Considerations for Physicians
Physicians must determine if any of their business practices breach their fiduciary duty to their patients or are otherwise legally improper:
1. All physicians must personally read the safe harbor regulations and the accompanying preface by the OIG.
2. They must determine their state’s laws on physicians as fiduciaries. This includes commercial bribery laws and cases holding that the physician is a fiduciary.
3. If the attorney who drafted or reviewed their medical business arrangements did not provide full information about the potential risks of these arrangements, they must request this information.
4. If they did receive a disclosure of risks, they must ask their attorney if the safe harbor regulations have modified these risks.
5. If they are in a noncomplying deal, a written opinion on the specific problems and how they might be remedied is needed.

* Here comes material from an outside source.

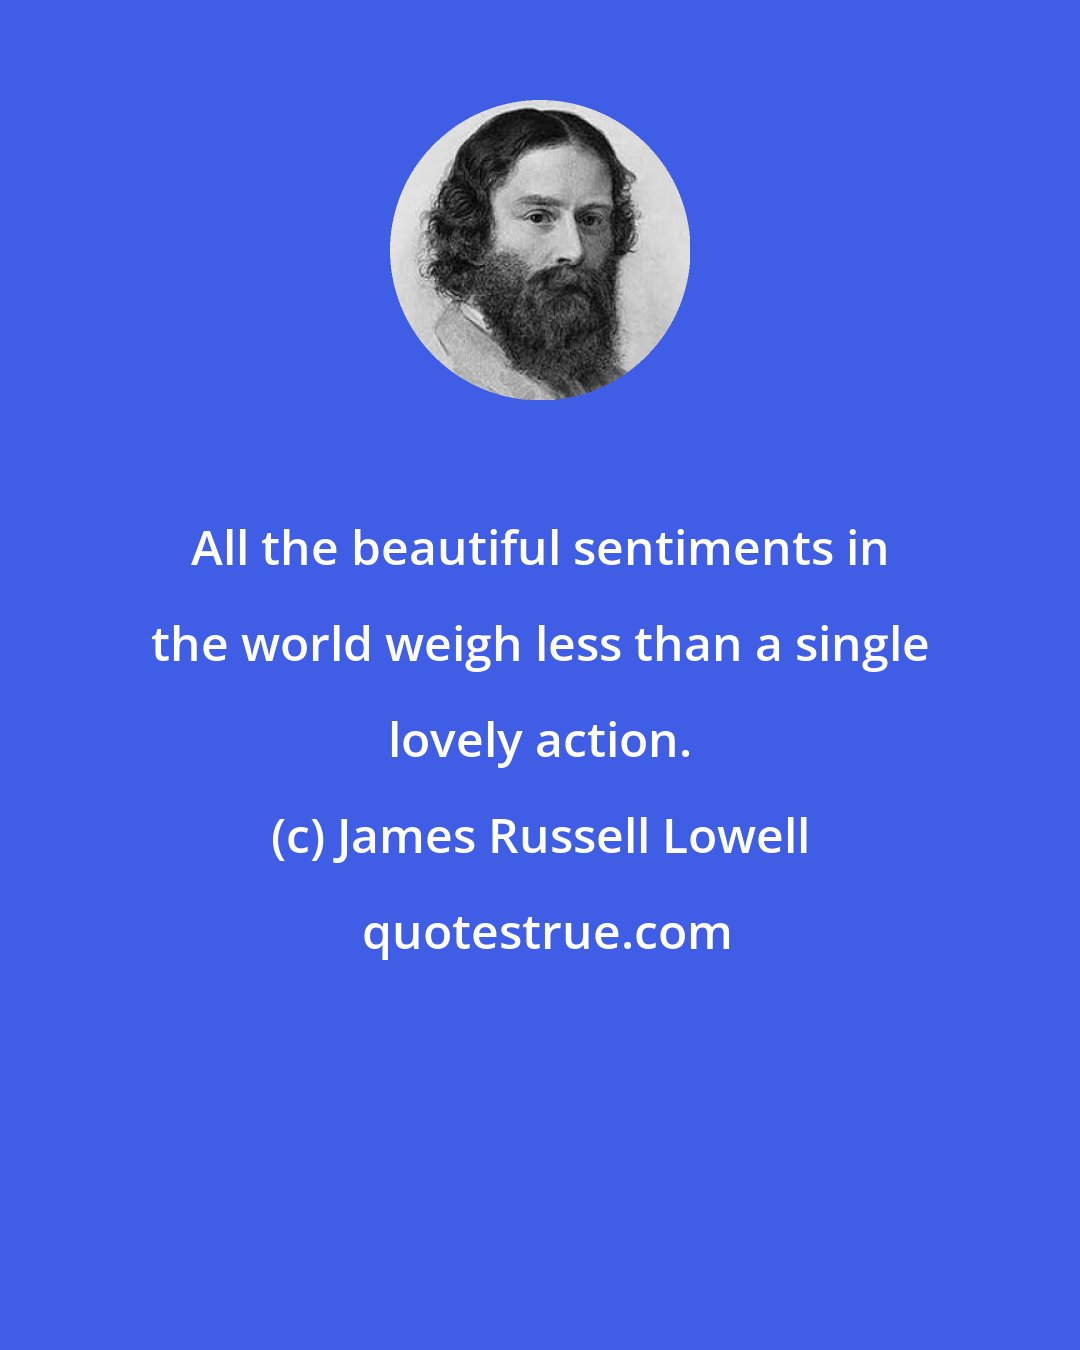 James Russell Lowell: All the beautiful sentiments in the world weigh less than a single lovely action.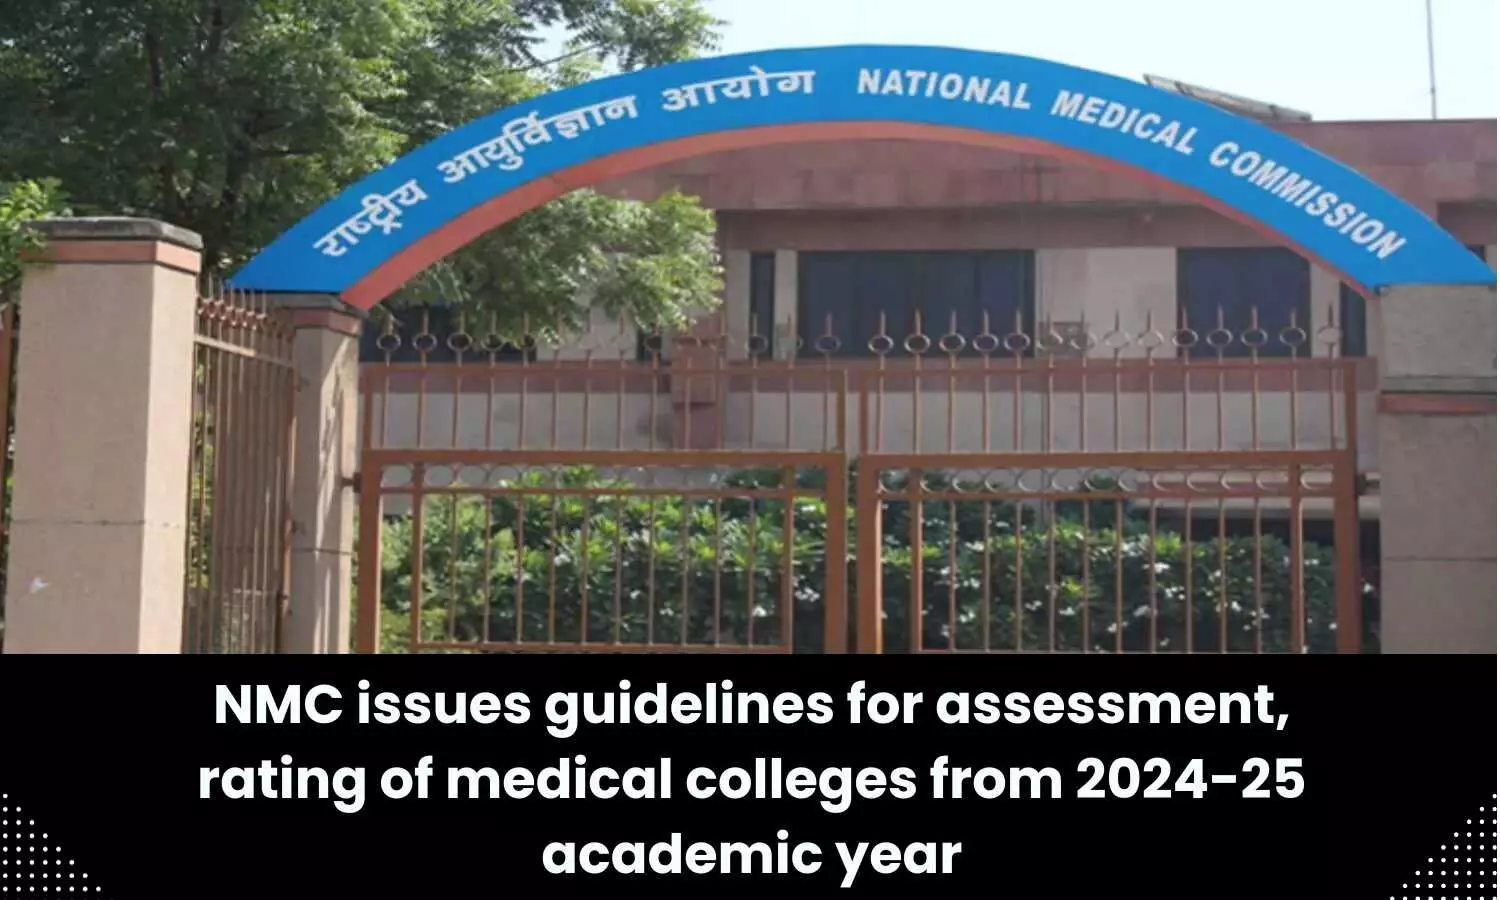 NMC releases guidelines for rating, assessment of medical colleges from 2024-25 academic year

6. If they feel they were not properly advised of the risks when entering into the arrangement, they should consider getting a second opinion from an attorney who was not involved with the original attorney or the original deal.
Physicians must educate themselves about the problems of financial conflicts of interest with their patients. Conflicts should be avoided when possible and disclosed when they cannot be avoided. In some cases, such as the disclosure of the selection criteria for physician referral services, disclosure is legally required. In all cases, there is an ethical duty to disclose interests in medical care businesses and other potential conflicts of interest.
The nature of the fiduciary relationship is such that disclosure does not cure conflicts of interest. The physician–patient relationship is a fiduciary relationship precisely because patients must rely on their physician’s integrity. Disclosing a conflict of interest does not help the patient avoid the effects of the conflict. Disclosure can show good faith but will not make an improper activity legally acceptable.
Managing conflicts of interest poses a profound ethical problem for physicians and for the rest of society. They underlie questions about appropriate termination of life support, access to care for indigents, and many other critical medical care problems. If physicians and their attorneys continue to ignore the significance of financial conflicts of interest, they should not be surprised by ever more Draconian laws regulating medical business practices.